The Act manifestly contemplated that it might be necessary to acquire various parcels of land, situated within the boundaries mentioned, from their various owners. Such purchases could not be made as a single transaction. Some would necessarily have to precede others. To hold that the purchase or taking of the first parcel exhausted the power of the commissioners so that they could take no others, would defeat the purpose of the Act. Clearly a single act of taking was neither prescribed nor contemplated, but it was intended that the commissioners should from time to time acquire such lands as they should deem necessary, limited by the amount of funds available from the appropriation after the construction of the building was provided for. No element of election entered into their powers.
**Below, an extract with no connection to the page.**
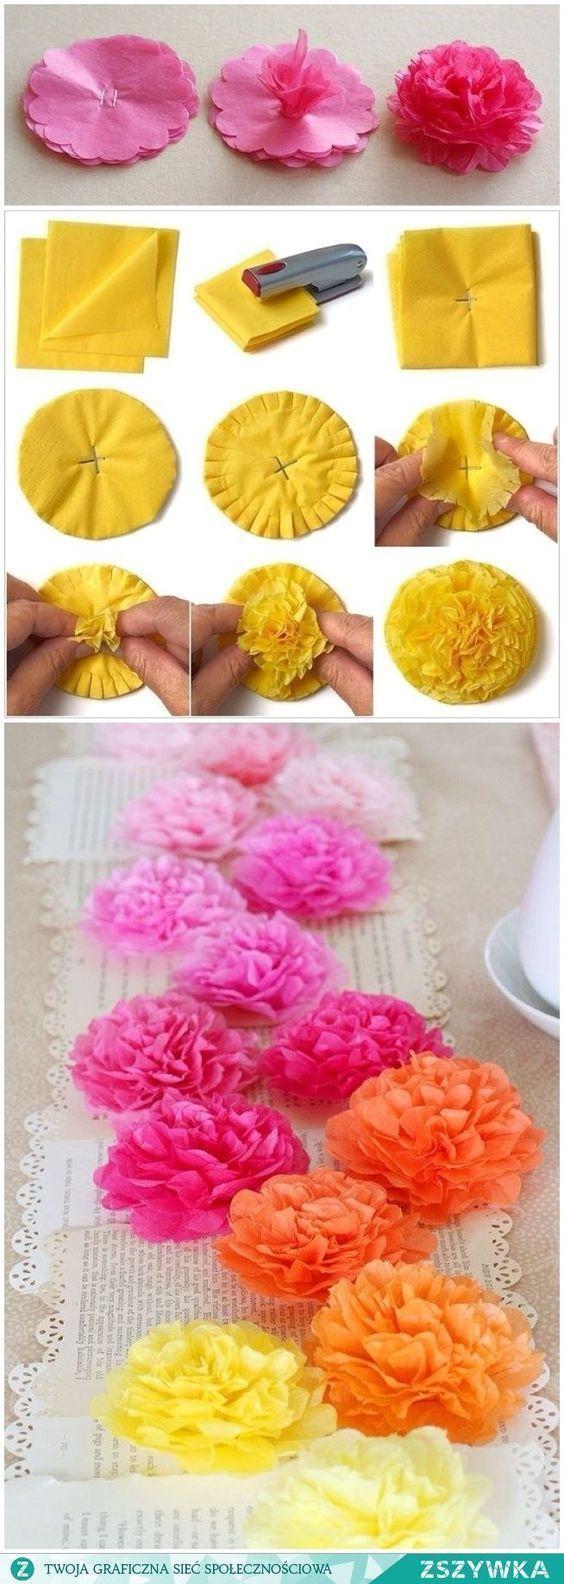 Hallo! Ich bin zurück mit einem inspirierenden Montag zum DIY Flower Se #a   - Hochzeitsgeschenk - #bin #DIY #einem #Flower #Hallo #Hochzeitsgeschenk #ich #inspirierenden #mit #Montag #Se #zum #zurück #easypaperflowers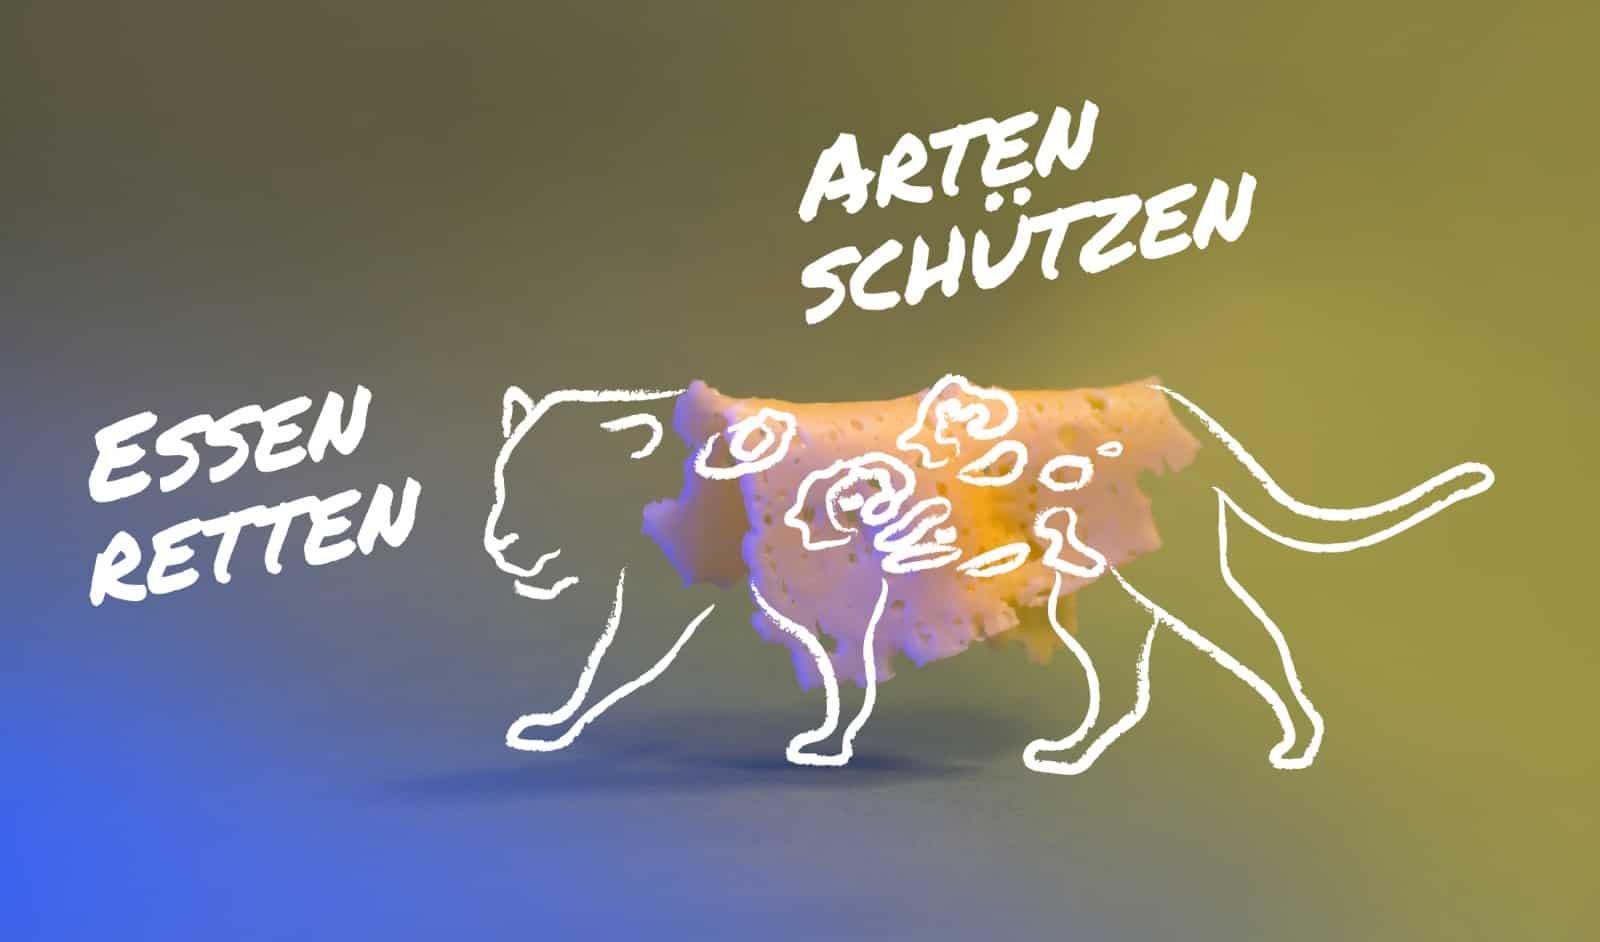 Essen retten, Arten schützen © WWF Österreich

They are not called upon to choose between any two parcels of land, but may continue to take such different parcels until all that they may deem necessary have been acquired, or the appropriation shall be exhausted. Such a power is a continuing one, and is not exhausted by a single exercise of it. The commissioners had the power to take the land in question originally, and had not exhausted their powers by the taking of other lands prior to the taking of this. The demurrer was properly sustained, and there was no error in the judgment complained of.

There is no error.

In this opinion the other judges concurred.